Nasza Loteria SR - pasek na kartach artykułów

Srebro przeszło koło nosa

Krzysztof Dziedzic, 4 marca 2006 r.
Drużyna Szczecina. W górnym rzędzie od lewej: Krzysztof Dziedzic ("Głos Szczeciński”), Michał Sarosiek ("Głos Szczeciński”), Jakub Lisowski ("Gazeta Wyborcza Szczecin”), Piotr Tolko (Polskie Radio Szczecin), Piotr Jasina ("Głos Szczeciński”). W dolnym rzędzie od lewej: Dariusz Jachno ("Przegląd Sportowy”), Paweł Pasławski (Telewizja "Gryf”), Adam Wosik ("Wieści Polickie”), Sebastian Roszkowski (Telewizja "Gryf” i Polskie Radio Szczecin).
Drużyna Szczecina. W górnym rzędzie od lewej: Krzysztof Dziedzic ("Głos Szczeciński”), Michał Sarosiek ("Głos Szczeciński”), Jakub Lisowski ("Gazeta Wyborcza Szczecin”), Piotr Tolko (Polskie Radio Szczecin), Piotr Jasina ("Głos Szczeciński”). W dolnym rzędzie od lewej: Dariusz Jachno ("Przegląd Sportowy”), Paweł Pasławski (Telewizja "Gryf”), Adam Wosik ("Wieści Polickie”), Sebastian Roszkowski (Telewizja "Gryf” i Polskie Radio Szczecin). WR Bizon
Dopiero szóste miejsce zajęła reprezentacja szczecińskich dziennikarzy w jubileuszowych mistrzostwach Polski w piłce nożnej, które rozegrano w Ślesinie koło Konina. Nie ma co ukrywać - zawiedliśmy.

Na mistrzostwa pojechaliśmy po kilku latach przerwy. Nie trenowaliśmy dużo (niektórzy wcale), a w 9-osobowym składzie pierwszy raz spotkaliśmy się dopiero w środę o 5.45 rano w busie. To jednak nie zmienia faktu, że tę szóstą pozycję traktujemy jako porażkę.

1:5 na początek

Na początek zmierzyliśmy się z Legnicą, jak się okazało, późniejszym mistrzem. Początkowo zastanawialiśmy się, czy nasi rywale nie pomylili się i nie przyjechali rywalizować na dużym boisku. Było ich aż 13. No i zdecydowanie lepiej wytrzymali mecz kondycyjnie. Wyrównana walka trwała do ostatniej minuty pierwszej połowy.

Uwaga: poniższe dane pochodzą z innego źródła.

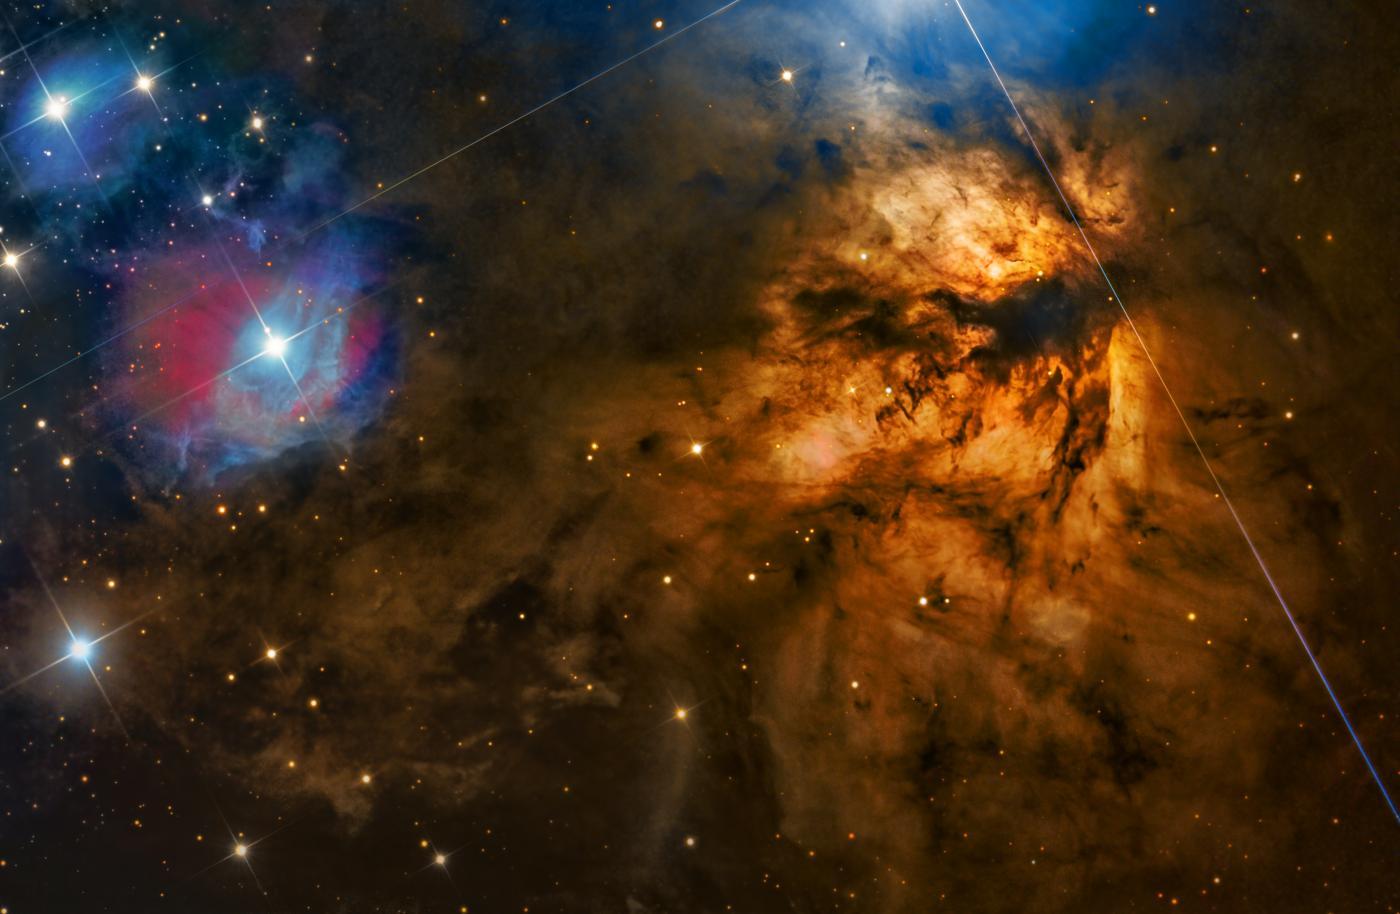 An image showing 'NGC 2024 – Flame Nebula'

Wówczas to, przy stanie 1:1, zamiast wyjść na prowadzenie, zostaliśmy skontrowani i dostaliśmy gola do szatni. Było 1:2, więc po przerwie ruszyliśmy do odrabiania strat. Skończyło się bardzo smutno - 1:5.

W drugim meczu przegraliśmy z Poznaniem aż 2:8 i znaleźliśmy się w bardzo trudnej sytuacji. Świadomi tego odbyliśmy naradę wojenną i dokonaliśmy kilku roszad w składzie. Efekty przyszły, lecz nie takie jakich oczekiwaliśmy. Zabrakło nam dwóch punktów w spotkaniu z broniącym tytułu Radomiem. Prowadziliśmy 2:0, potem 3:2, ale rywale zdołali wyrównać.

2:1 - i 2:3

Drugiego dnia mistrzostw pozostała nam walka o srebro - aby tak się stało, potrzebowaliśmy samych zwycięstw. Niestety, w dwóch meczach nie udało się. Mimo prowadzeń 2:1, przegraliśmy 2:3 z Koninem (późniejszym wicemistrzem) oraz 2:3 Gdańskiem (czwarte miejsce). I wylądowaliśmy ostatecznie na szóstej pozycji.

W przekroju całego turnieju zawiódł zwłaszcza grający trener Krzysztof Dziedzic z "Głosu Szczecińskiego". Jak na rozgrywającego nie zanotował zbyt wielu asyst i strzelił tylko jednego gola. Najskuteczniejszym piłkarzem w naszej ekipie był Sebastian Roszkowski z Telewizji "Gryf" i Polskiego Radia Szczecin - zdobywca 5 bramek.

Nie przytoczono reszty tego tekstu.